Research Scientist at NNAISENSE, Lugano
DEIB - Alario Seminar Room (building 21)
June 22nd, 2018
2.00 pm
Contacts:
Matteo Matteucci
Research Line:
Artificial intelligence and robotics
NNAISENSE has a long lasting record of ground-breaking results in artificial intelligence (AI). From perception to reinforcement learning, the company’s legacy of super-human performance places them in the right position to take AI technology into everyday control systems. While AI approaches control problems from an information theoretical and statistical perspective, control theory addresses issues concerning the physical world with a strong focus on safety, hard constraints and theoretical guarantees. While control approaches can be very robust they can seldom suffer from conservativeness of their assumptions. This is believed not to be the case for AI, where performance depends mainly on the quality and the amount of data but no general guarantees exist for safety. For this reason, while deep learning is becoming the industry standard for perception, its use in control is mostly limited to simulated or non-critical tasks. Combining the fields of control and AI has the potential for retaining best of both Worlds. The first part of the talk will briefly introduce NNAISENSE’s research objectives in this direction. In the second part, we will then introduce Non-Autonomous Input-Output Stable Network (NAIS-Net): a very deep architecture, developed in collaboration with Polimi, where each stacked processing block is derived from a time-invariant non-autonomous dynamical system. Non-autonomy is implemented by skip connections from the block input to each of the unrolled processing stages and allows stability to be enforced so that blocks can be unrolled adaptively to a pattern-dependent processing depth. NAIS-Net induces non-trivial, Lipschitz input-output maps, even for an infinite unroll length. We prove that the network is globally asymptotically stable so that for every initial condition there is exactly one input-dependent equilibrium assuming tanh units, and multiple stable equilibria for ReL units. An efficient implementation that enforces the stability under derived conditions for both fully-connected and convolutional layers is also presented.
Experimental results show how NAIS-Net exhibits stability in practice, yielding a significant reduction in generalization gap compared to ResNets.
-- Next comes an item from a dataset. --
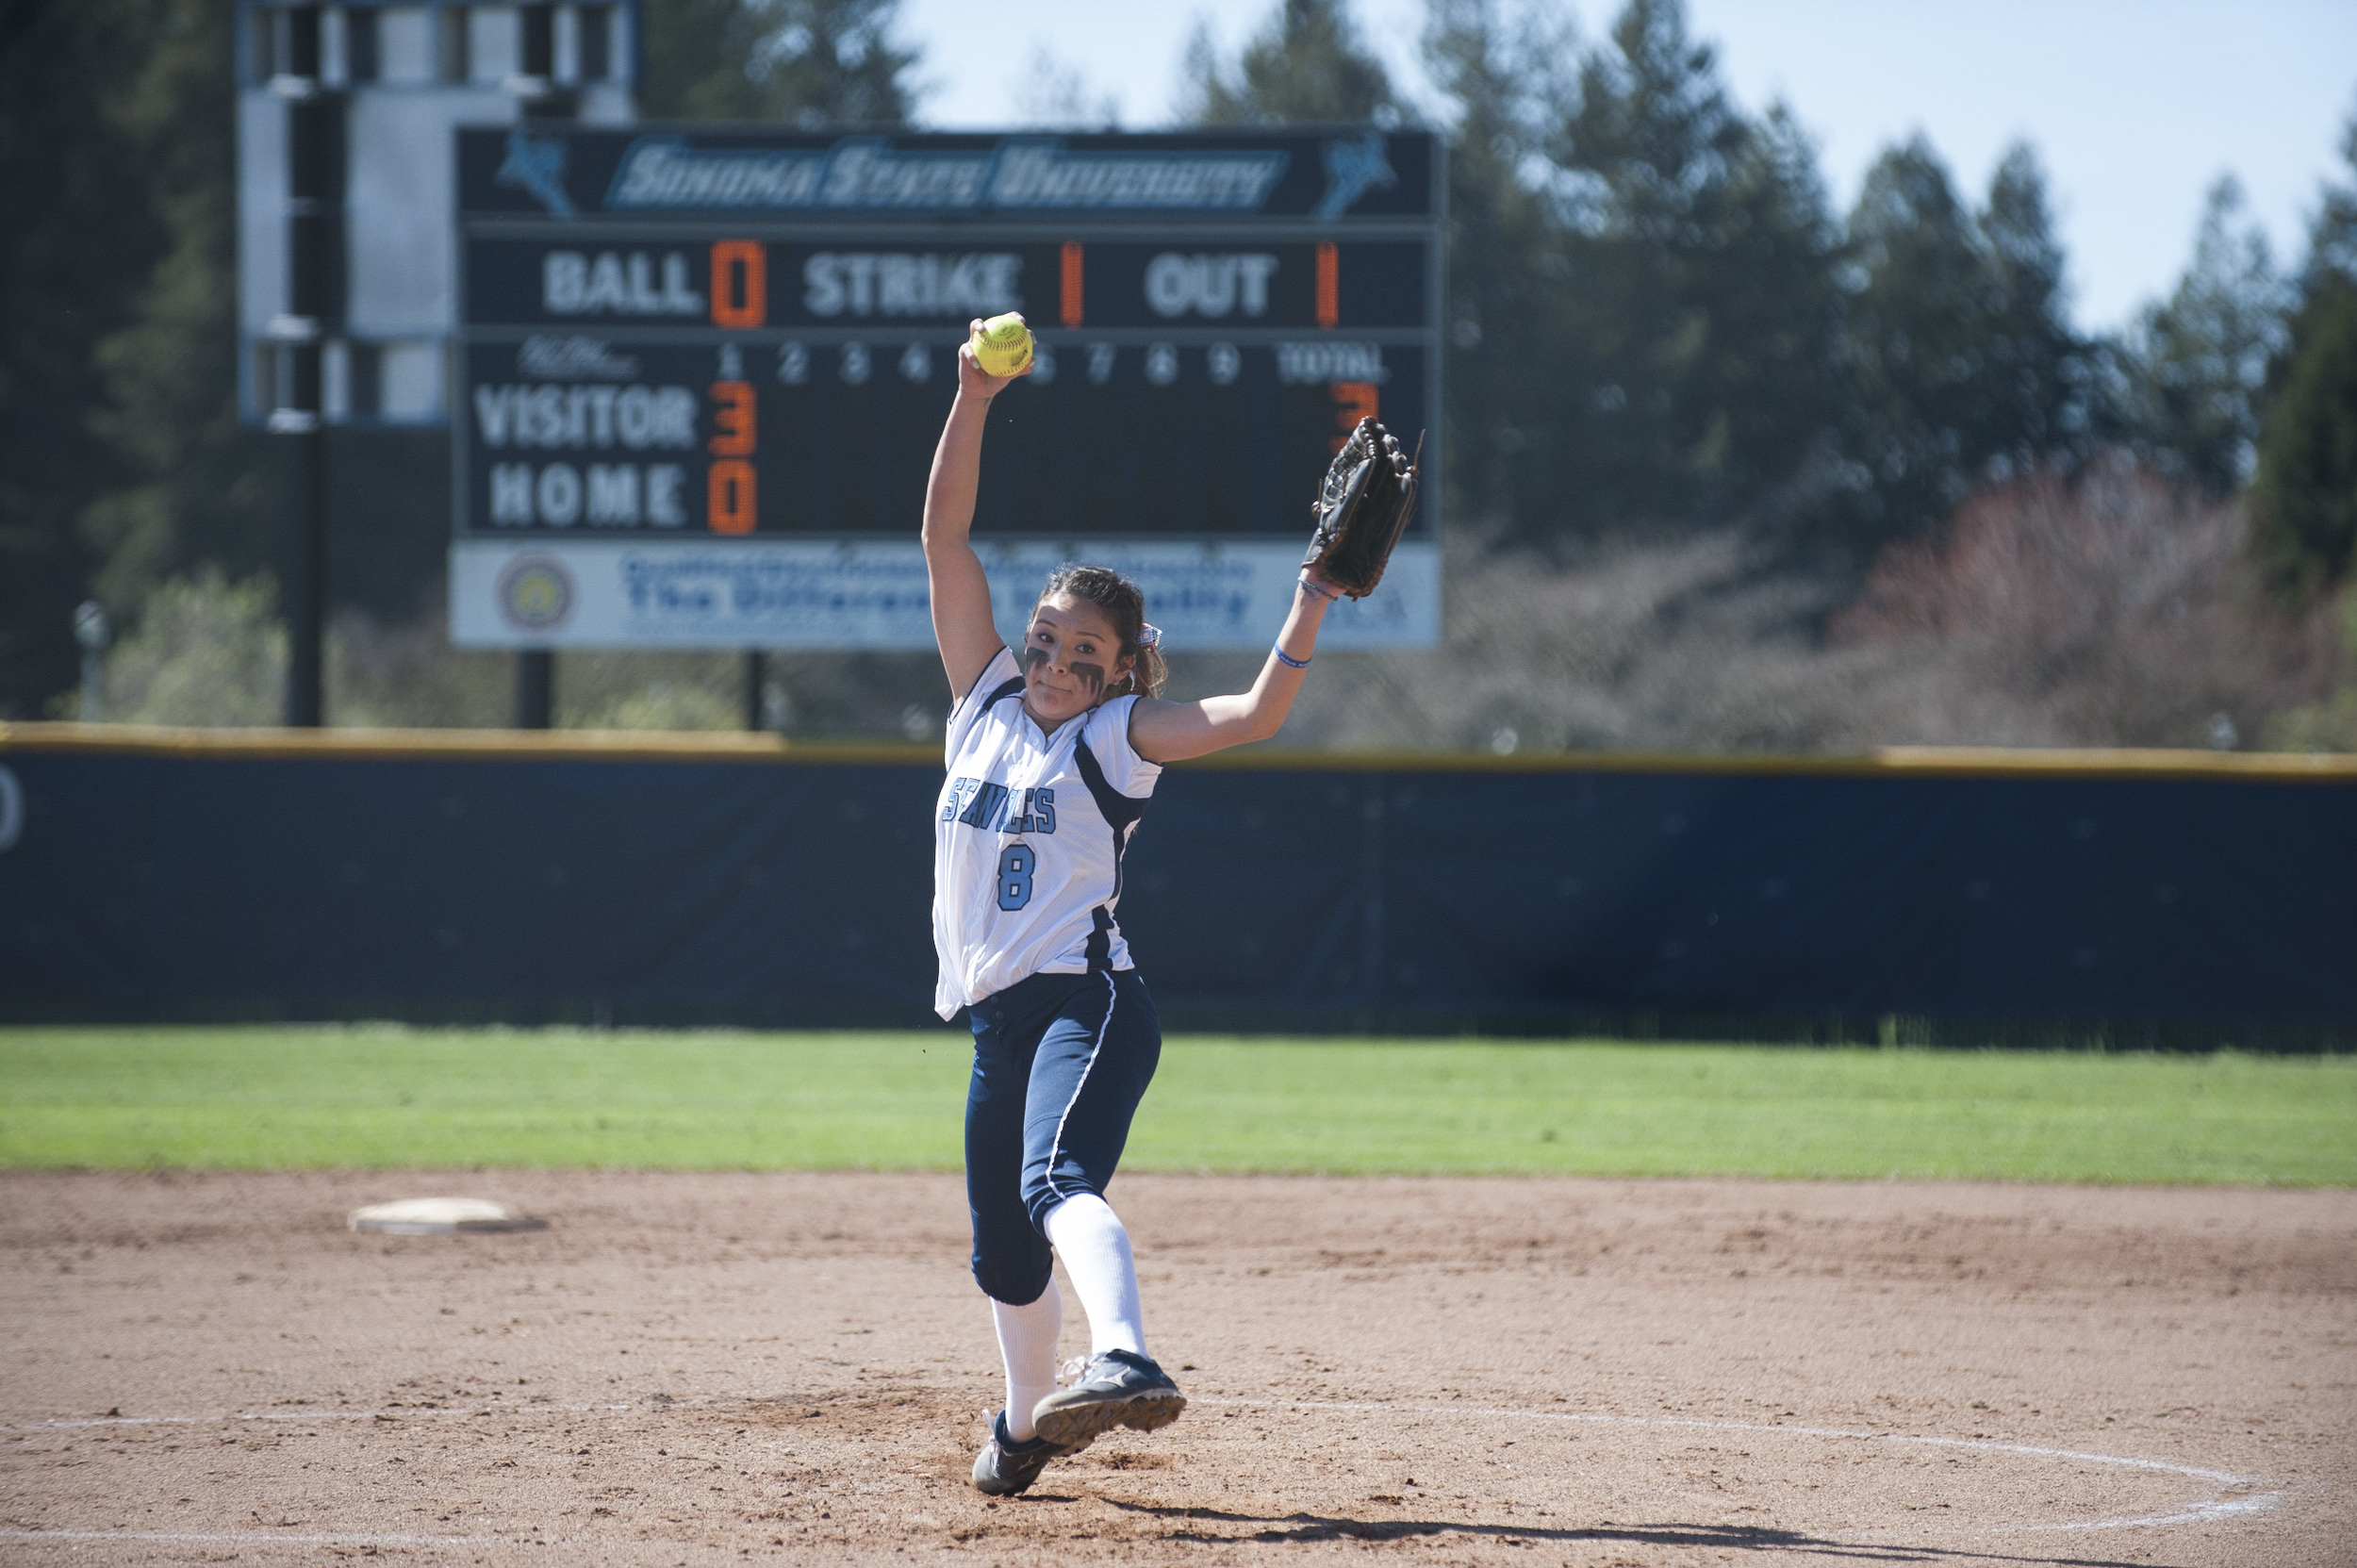 SSU Softball pitcher

Marco Gallieri is a Research Scientist at NNAISENSE, in Lugano. He received a PhD in Engineering from Sidney Sussex College, the University of Cambridge, in 2014. His PhD Thesis was on LASSO-MPC and is published by Springer. In 2009 he received an MSc in automation engineering from the Universita’ Politecnica delle Marche, in Italy. He wrote his MSc thesis during a visiting term at the National University of Ireland, Maynooth. In 2010 he was a Marie Curie early stage researcher at the Instituto Superior Tecnico in Lisbon working on non-linear control of autonomous underwater vehicles. Before joining NNAISENSE, he spent three years with the McLaren group, where he developed a model based Li-Ion battery management system for the F1 power unit and a prototype for next generation F1 driver-in-the-loop simulator. He then worked as a data scientist in the R&D branch of the group where he led the development of a wearable technology.
He’s currently leading the control theory R&D efforts of NNAISENSE. His research interests are at the intersection between control and machine learning and include the study of stability of deep and recurrent neural networks as well as their use in control systems for safety-critical applications.